As a consequence of the GFC, global markets and regulators undertook a delicate process of “compression”, to unwind the outstanding CDS positions back to their core underlying obligations, thereby averting a further credit squeeze as liquidity is released back into the market.

Post-GFC

Counterparty risk is now multi-dimensional. Exposures are complex and inter-related. It can apply to any credit-related obligation (loans, stored value cards, trade finance, supply chains etc.). It is not just a problem for banks, brokers and intermediaries. Corporate treasurers and CFOs are having to develop counterparty risk policies and procedures (e.g., managing individual bank lines of credit or reconciling supplier/customer trading terms).
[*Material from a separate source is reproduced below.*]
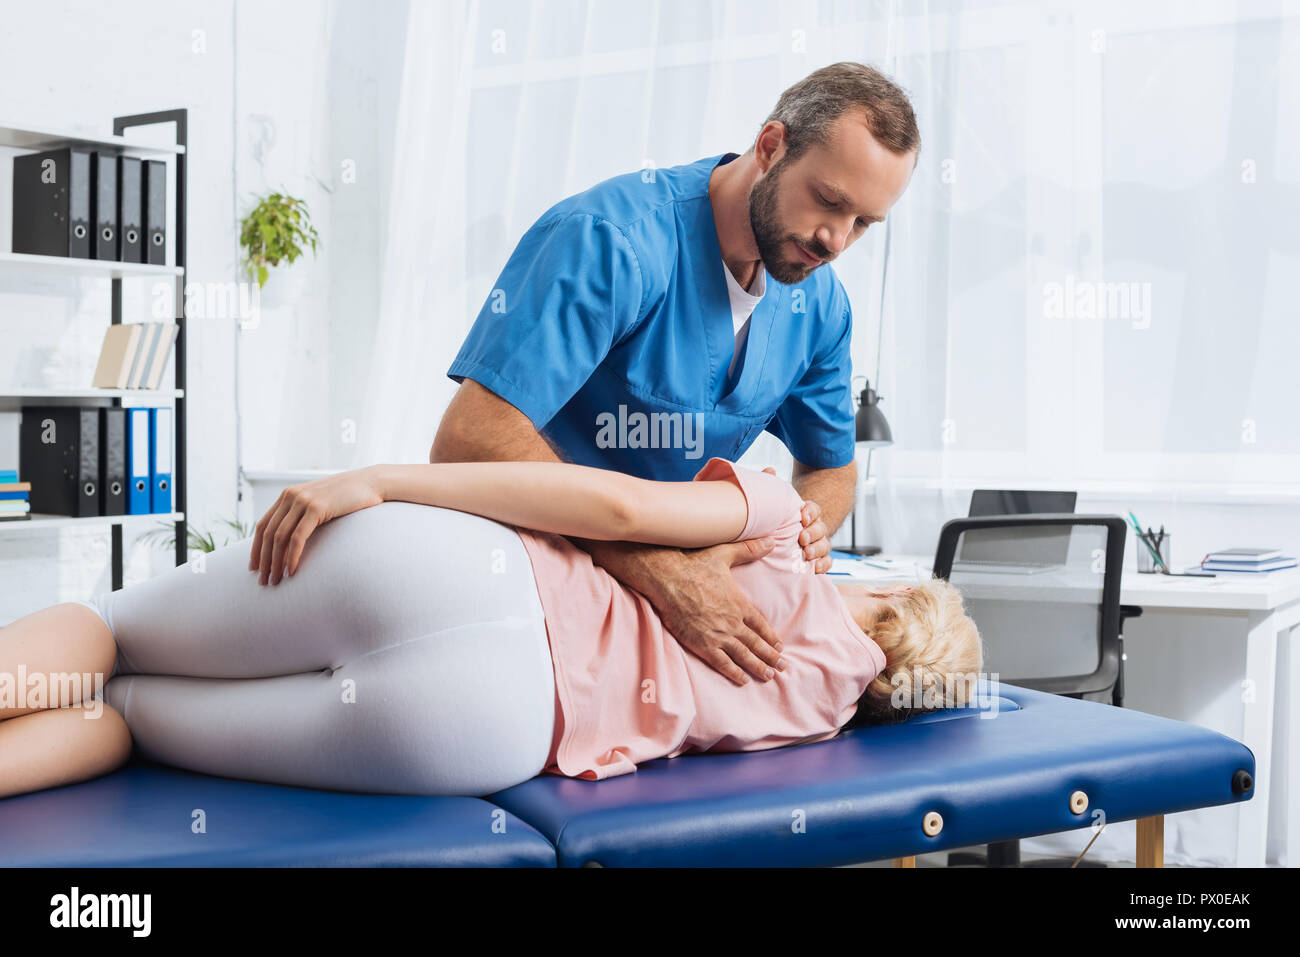 Massaggio chiropratico di schiena del paziente sdraiato sul lettino da massaggio in ospedale Foto Stock

It has also drawn attention to other factors for determining counterparty credit risk, beyond the nature and amount of the financial exposure, including:

  • Bank counterparty risk – borrowers and depositors both need to be reassured that their banks can continue to operate if there is any sort of credit event or market disruption. (During the GFC, some customers distributed their deposits among several banks – to diversify their bank risk, and to bring individual deposits within the scope of government-backed deposit guarantees)
  • Shareholder risk – companies like to diversify their share registry, by having a broad investor base; but, if stock markets are volatile, some shareholders are more likely to sell off their shares (e.g., overseas investors and retail investors) which impacts the market cap value when share prices fall
  • Concentration risk – in the past, concentration risk was mostly viewed from a portfolio perspective, and with reference to single name or sector exposures. Now, concentration risk has to be managed across a combination of attributes (geographic, industry, supply chain etc.)

Implications for Counterparty Risk Management

Since the GFC, market participants need to have better access to more appropriate data, and the ability to interrogate and interpret the data, for “hidden” or indirect exposures. For example, if your company is exporting to, say Greece, and you are relying on your customers’ local banks to provide credit guarantees, how confidant are you that the overseas bank will be able to step in if your client defaults on the payment?

Counterparty data is not always configured to easily uncover potential or actual risks, because the data is held in silos (by transactions, products, clients etc.) and not organized holistically (e.g., a single view of a customer by accounts, products and transactions, and their related parties such as subsidiaries, parent companies or even their banks).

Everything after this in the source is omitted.